Things change. Sometimes faster than anyone wants to admit
There was a time when the heavyweight championship of the world stopped the rotation of the earth. Families crowded around consoles or sat shoulder-to-shoulder next to transistor radios, hanging on every crackling word as Jack Dempsey or Joe Louis went to work. Decades later, it was Howard Cosell, that unmistakable voice, delivering the immortal autopsy of a legend: “Down goes Frazier! Down goes Frazier!” In those days, boxing wasn’t a niche; it was the atmosphere. Everyone knew who the champion was, and everyone cared.
Today?
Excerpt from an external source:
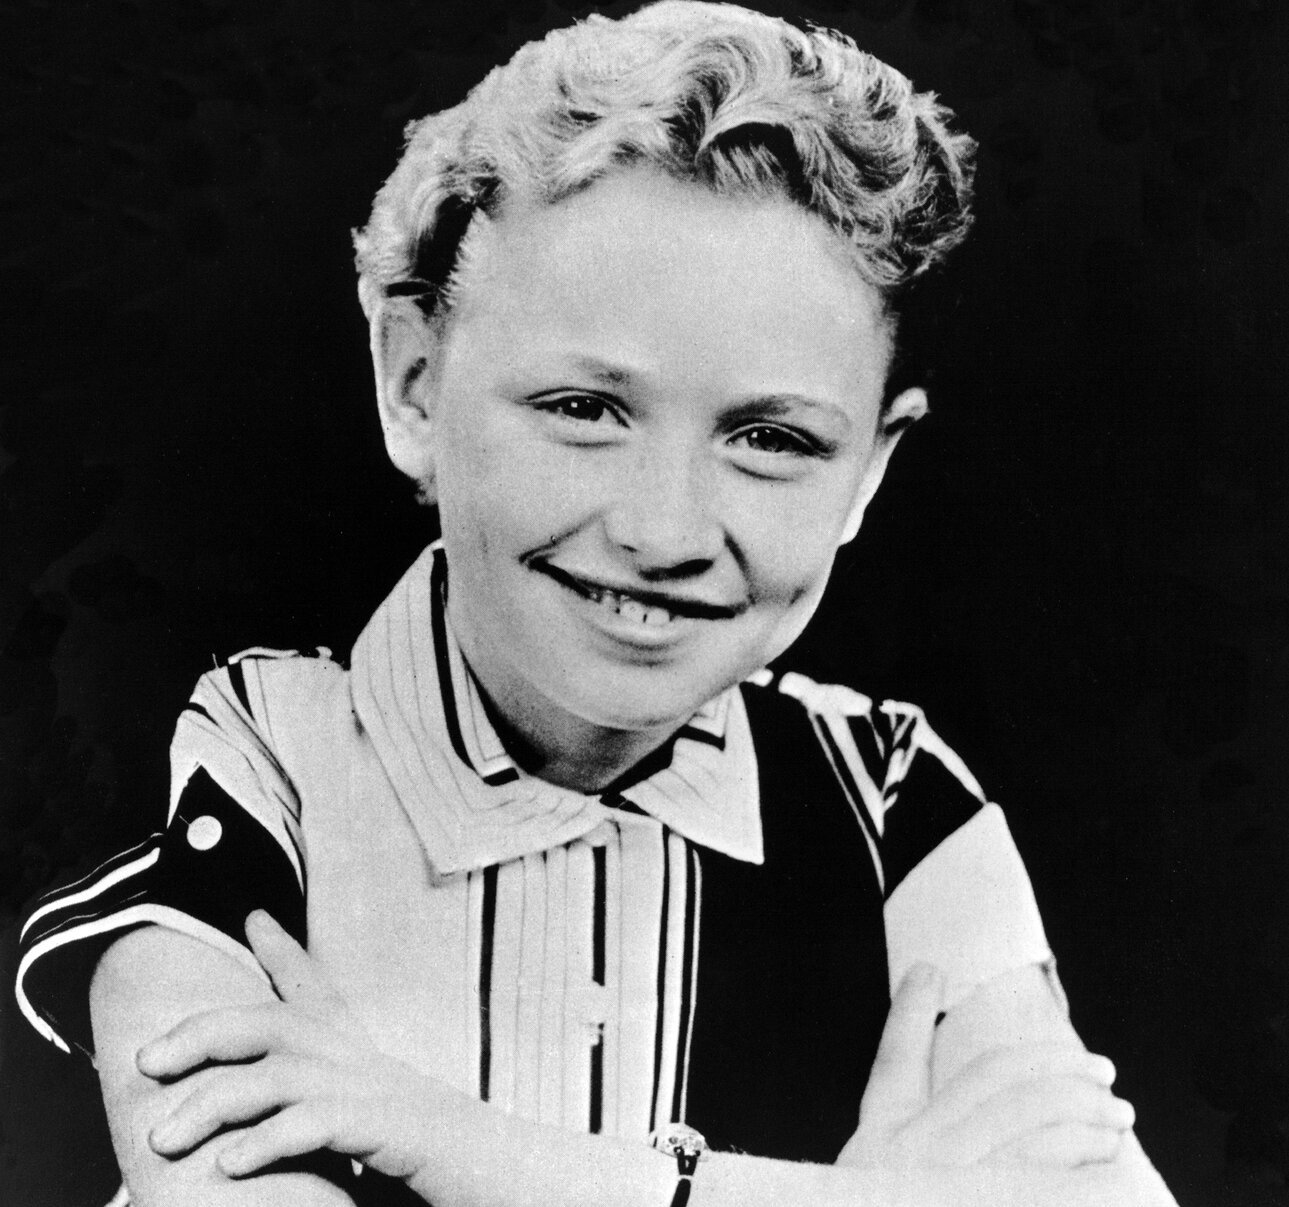 Dolly Parton poses for a portrait as a child in 1955. The photo is black and white. She wears short hair and a collared shirt.

Boxing is a fragmented sideshow, a carcass picked over by promoters. It’s a dizzying “alphabet soup” of belts where the best rarely fight the best, and the title has been diluted into a pay-per-view gimmick for social media influencers. Fans didn’t abandon boxing overnight; boxing liquidated its credibility for a quick buck, and the fans simply stopped showing up to the bankruptcy hearings.
Sound familiar?
The Illusion of Permanence
Right now, the Kentucky Derby still rules. It is the “Run for the Roses,” the race that transcends the Daily Racing Form and briefly pulls the casual fan into our world. It calls itself “the most exciting two minutes in sports,” and for many, it still is. But history is littered with “untouchable” institutions that mistook their heritage for a shield.
The Indianapolis 500 once billed itself as “The Greatest Spectacle in Racing.” That wasn’t marketing fluff—it was a reality. In the 1960s and 70s, IndyCar drivers were household names on par with NFL quarterbacks. Today, the race barely registers with the broader sports public, overshadowed by NASCAR and completely dwarfed on the global stage by Formula 1. It didn’t disappear. It just slipped. Slowly. Quietly. Until one day, it no longer moved the needle of the American sporting consciousness.
The Erosion of Trust
So what happened? The same thing that always happens. When a sport loses competitive integrity, clarity, and trust, the fans eventually walk away. Horse racing is flirting with that line right now.
The sport is currently plagued by a “death by a thousand cuts” reality:
- CAWs (Computer Assisted Wagering): High-volume bettors using algorithms to “crush” the pools at the final second, leaving the average fan with decimated odds and the feeling that the game is rigged against them.
- The HISA Paradox: The Horseracing Integrity and Safety Authority was supposed to be the cavalry—the federal intervention to clean up the “wild west.” Instead, it has stumbled out of the gate, mired in litigation and inconsistent enforcement that undermines confidence before it can stabilize.
- Inconsistent Officiating: Steward rulings that feel arbitrary at best and indefensible at worst. When a Derby winner like Medina Spirit is disqualified months after the fact, the “Most Exciting Two Minutes” starts to feel like a legal deposition.
The Extraction Economy
Then there is Churchill Downs—an organization that increasingly feels like it only cares about its two big days, its shareholders, and maximizing revenue at all costs. From a corporate perspective, you can argue that’s rational. From the perspective of a sport that depends on fans and long-term trust, it’s reckless.
We are watching the geographic footprint of the sport shrink in real-time. Look at Arlington Park—once the crown jewel of Illinois racing, now a shuttered lot sacrificed for a stadium deal. Look at the closures of Hollywood Park or Calder. When you close a track, you don’t just lose a building; you lose the next generation of fans.
The message from the top is becoming: show up, pay up, and don’t ask questions. Whether it’s normalized price gouging or the forced use of branded past performances on-track that strip bettors of choice, the focus has shifted from cultivation to extraction.
The Warning
Nobody sitting by a radio listening to Dempsey or Louis ever imagined heavyweight boxing would become what it is today. Nobody watching Ali, Frazier, or Tyson thought the championship would one day lose its central meaning. And yet, here we are.
That’s the danger of believing “it can’t happen here.”
The Kentucky Derby is powerful. The Derby is iconic. The Derby is still king of United States racing. But permanence is an illusion in sports. If integrity erodes, if fans feel exploited instead of valued, and if the experience becomes about extraction rather than passion, then even giants can fall. It doesn’t happen with a single headline. It happens gradually, until one day the cultural grip is gone.
I hope we never hear the words, “Down goes the Derby.” But hope isn’t a strategy. Integrity is.